I'm trying to do reduce Hamiltonian Cycle to integer linear programming. Here's my idea:

Create variables $e_{ij}$ for every edge $(i,j)$ in the graph. Require each $$e_{ij}\in \{0,1\}$$. Create additional variables $v_i$ for every vertex $i$ in the graph, and define $$v_i = \sum_{\{j:(i,j)\in E\}}e_{ij}$$ (so that $v_i$ counts how many edges are connected to vertex $i$). Specify an integer linear program where the goal is to maximize $\sum_{(i,j)\in E}e_{ij}$ subject to the constraint that $v_i = 2$ for all $i\in V$.

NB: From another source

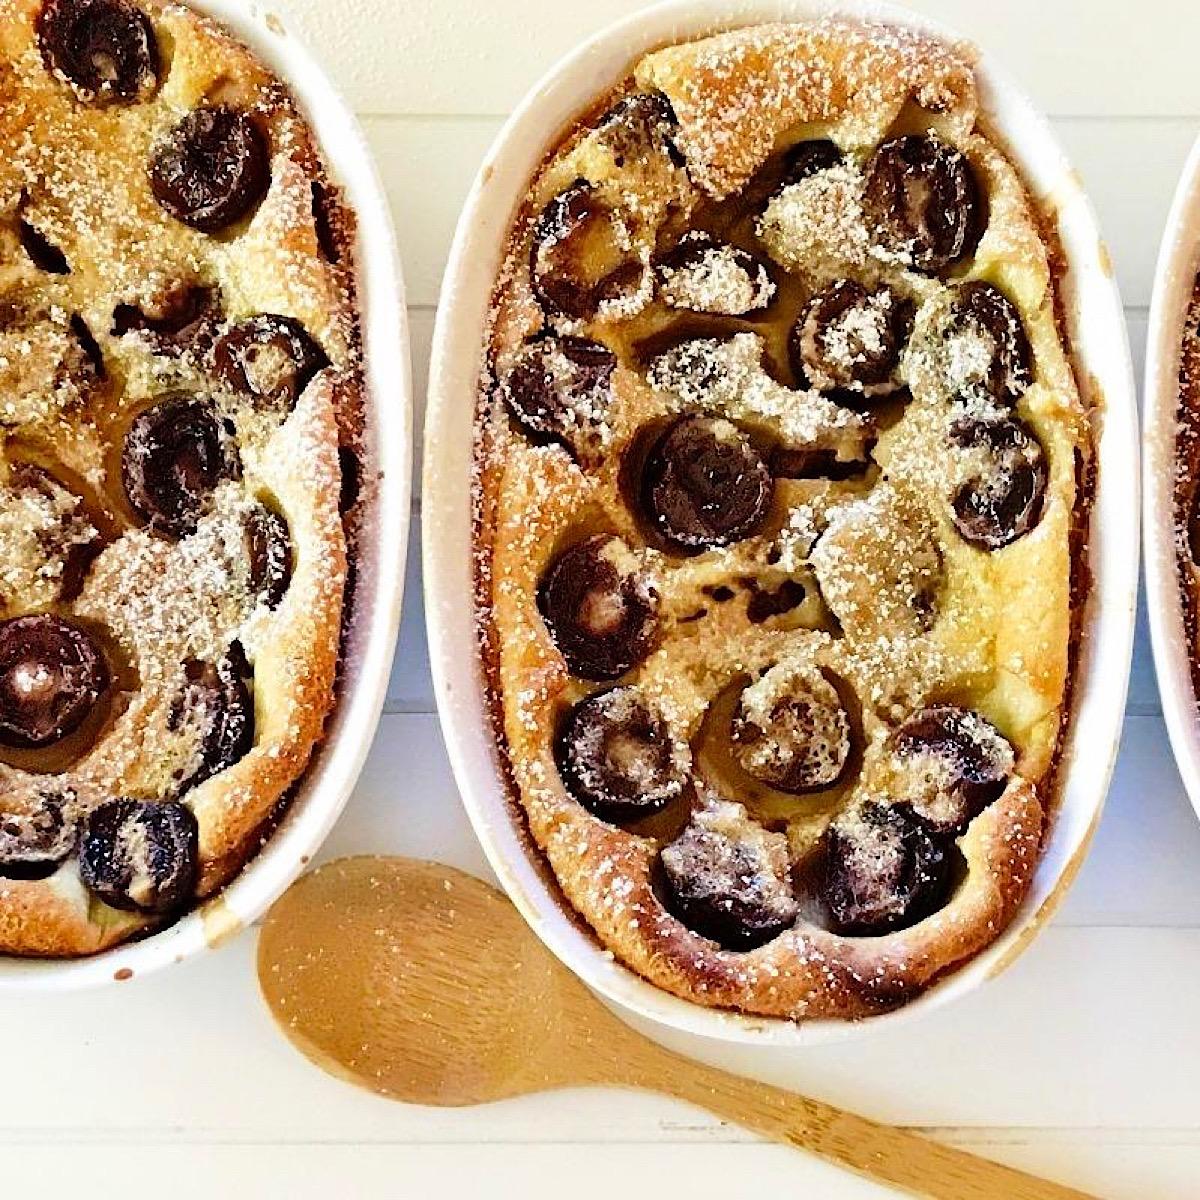 Baking dish of low carb cherry clafoutis dessert
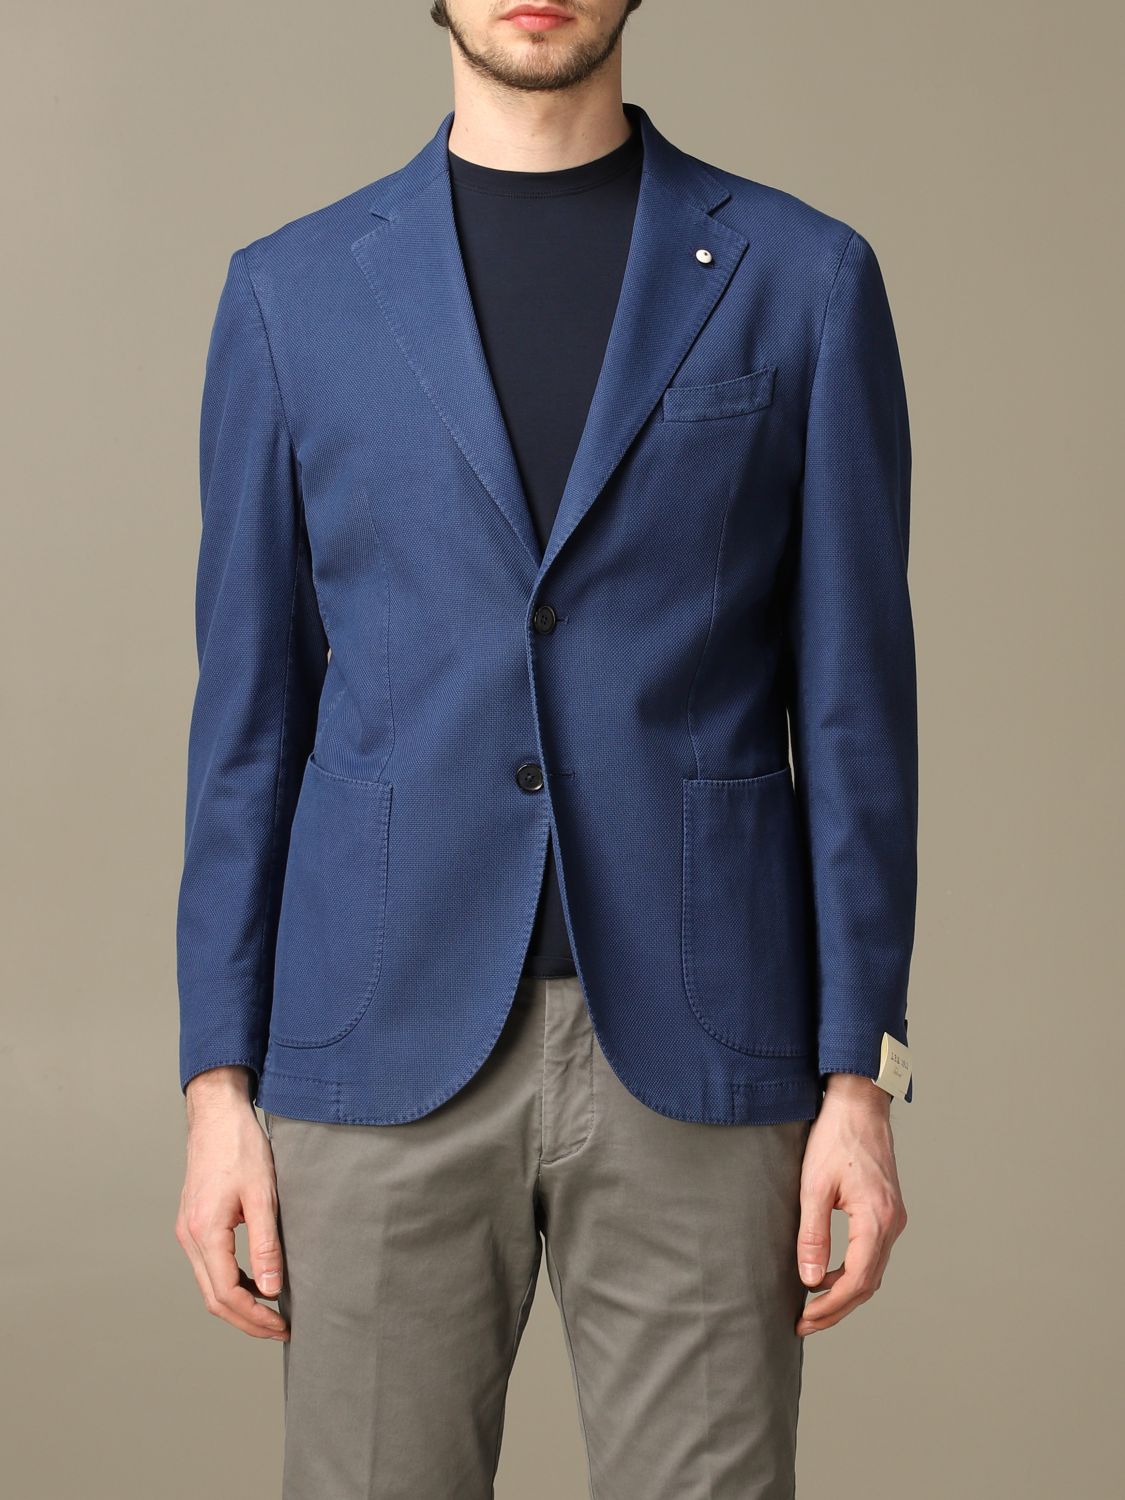 Verbinding Orthodox Oude man L.b.m. 1911 Outlet: Jacket men | Jacket L.b.m. 1911 Men Blue | Jacket L.b.m.  1911 5830 2837 GIGLIO.COM

As I see it, this should find a solution (if one exists) of exactly $n$ edges in the graph which form cycles. However, there's no guarantee that these cycles are a single tour of the graph. For example, consider a complete graph of 6 vertices. The above problem might find a "solution" which consists of two cycles each of 3 vertices, instead of finding the correct solution of a single cycle which includes all vertices. In short, the sticking point is requiring that the linear program finds only one cycle. Is there a way to enforce a limit on the number of cycles found via a linear programming constraint? I'm stumped on this.

Thanks!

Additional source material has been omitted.